It is interesting to plot the evolution of the total meteoroid mass as a function of aerodynamic pressure that is exerted on its front part. It includes the whole mass of the meteoroid in a specific timestep of the model, all the fragments, and dust grains. Then we can choose some threshold value of the total mass and compare the pressures at which all modeled Geminids reached the threshold value. In asteroid science, the threshold when the asteroid loses half of its original mass in a collision (Fujiwara et al. 1989) or by other means (Richardson et al. 1998) is called a catastrophic disruption and we think it is a useful criterion in meteoroid science, too. Therefore, we define a catastrophic disruption of a meteoroid as the moment when it loses half of its entry mass.

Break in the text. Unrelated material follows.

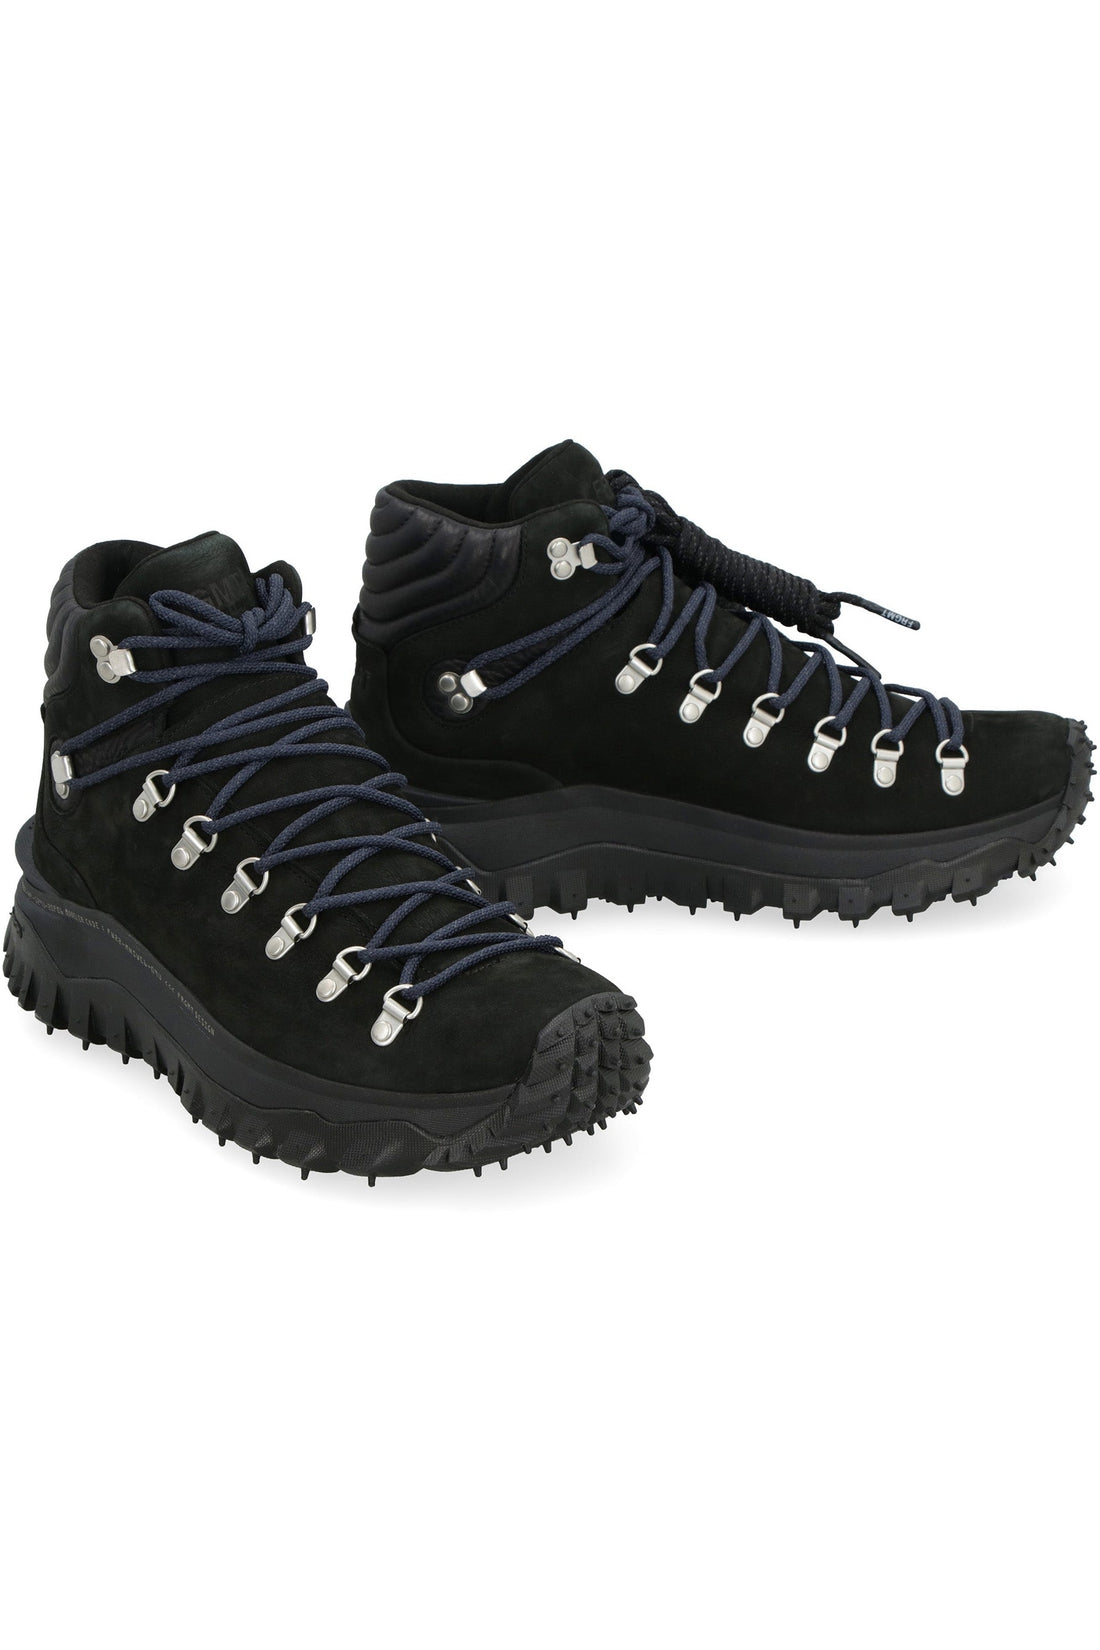 Moncler Genius-OUTLET-SALE-7 Moncler FRGMT Hiroshi Fujiwara - Trailgrip GTX hiking boots-ARCHIVIST

After fragmentation of the meteoroid, the fragments have various sizes and they spread along the flight trajectory. They are at different heights above the ground where the atmosphere has a different density and they also have different velocities because their decelerations differ. Therefore, the aerodynamic pressure exerted on these fragments is different, too. It is then necessary to plot some specific value of the aerodynamic pressure or the whole span of pressures.

thumbnail Fig. 2

Automatic solution of the EN131218 fragmentation compared to the observed radiometric curve (dark blue pluses) and a photometric light curve (sky blue disks). The total model brightness is shown as a solid red line, the brightness of regular fragments is shown as blue curves, green curves signify eroding fragments, violet lines indicate dust particles released from these fragments, and orange curves denote regular dust released in gross fragmentations. Fragmentation times are shown with vertical dashed lines.

4 Results

The modeled Geminids were observed between 2018 and 2022. Their entry masses span almost two orders of magnitude, from 0.027 kg to 1.7 kg. Their identification and physical properties are given in Table 1. Figures 2 and 3 show one example of a model found by the semiautomatic procedure described in Sect. 2.2. Figure 2 shows a radiometric light curve of the EN131218_012640 (hereafter EN131218) fitted by the physical model and Fig. 3 shows residuals of its length along the trajectory fit. The model fits the data very well.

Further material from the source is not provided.